The existence of favoritism and corruption in government spending and rule-making erodes the rule of law, and fosters the belief that the path to success is access to this or that official.  This only increases the pressure for lobbying and favor-trading, and contributes to the alienation of the vast numbers of citizens who are not part of the deal-making.  In China, which has a highly centralized economy and no democratic means of replacing top leaders, corruption is a huge problem – and the same reasons apply, albeit less dramatically, here.

In addition to the social pathologies of waste, corruption and favoritism, add the fact that the regulatory state crushes innovation.  There is no better example of this than the Congressional hearings into possibly monopolistic practices by Google.  Remember that anti-trust laws were written in the now-distant past to protect consumers from price gouging by monopolists.  Remember, too, that Google’s product is given away for free.  And yet, for some reason, Google’s success is something worth investigating.  Meanwhile, Google’s dominance is threatened by alternative sources of connection like Facebook.  Congress is looking in the wrong direction.

Andy Grove said it best:  “High tech runs three times faster than normal businesses. And the government runs three times slower than normal businesses. So we have a nine-times gap.”  Take it as a given that any time the government seeks to control or regulate some aspect of the economy, they are not only slowing down growth and opportunity, they are preserving a status quo that a freer market would disrupt and reform.
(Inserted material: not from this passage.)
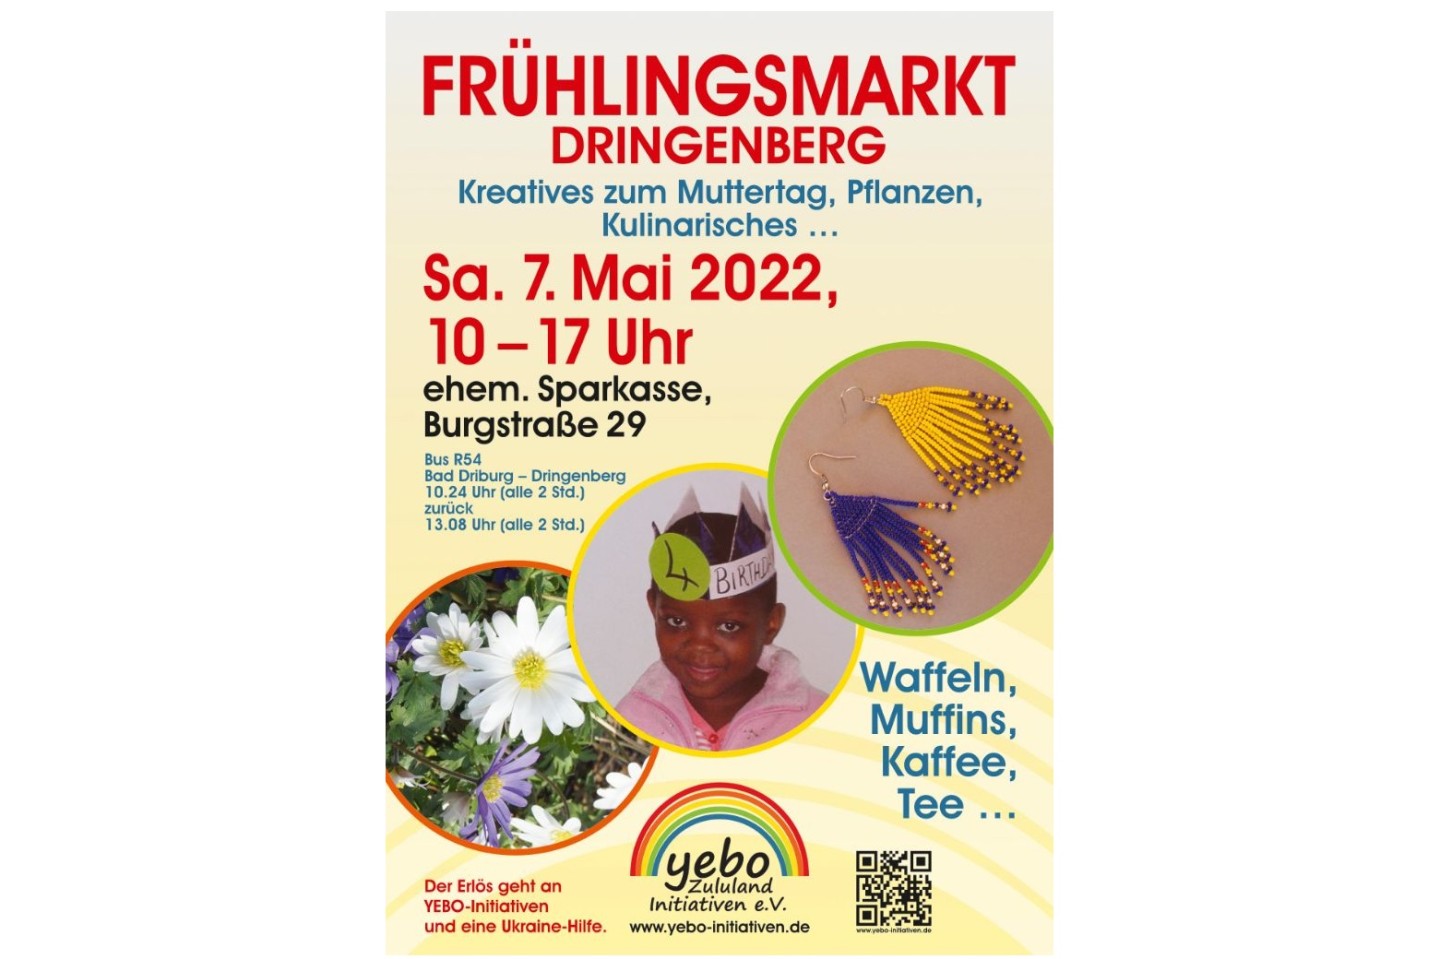 Frühlingsmarkt Dringenberg am Samstag, den 07.05.2022 von 10.00 - 17.00 Uhr Kreatives zum Muttertag, Pflanzen, Kulinarisches und mehr

As I said last week, liberals seem to think that government is the answer to an unfettered capitalism that left alone would collude and corrupt to exploit defenseless ordinary folks.  Barack Obama says as much on the stump these days: Republicans who don’t like his regulatory, high-spending style of governance are in favor of “dirty air, dirty water, fewer people with health care.”  As if the slightest roll-back of his regulatory onslaught would set the Cuyahoga River aflame once again.

But in truth, Obama’s style of activist government is clumsy, wasteful, prone to favoritism and corruption, and it cozies up to large corporations to defend the status quo when it sets rules for the economy.  All of that slows economic growth, stifles innovation, and keeps people out of work.  Not exactly what you want from a government that claims to care for the struggling middle class.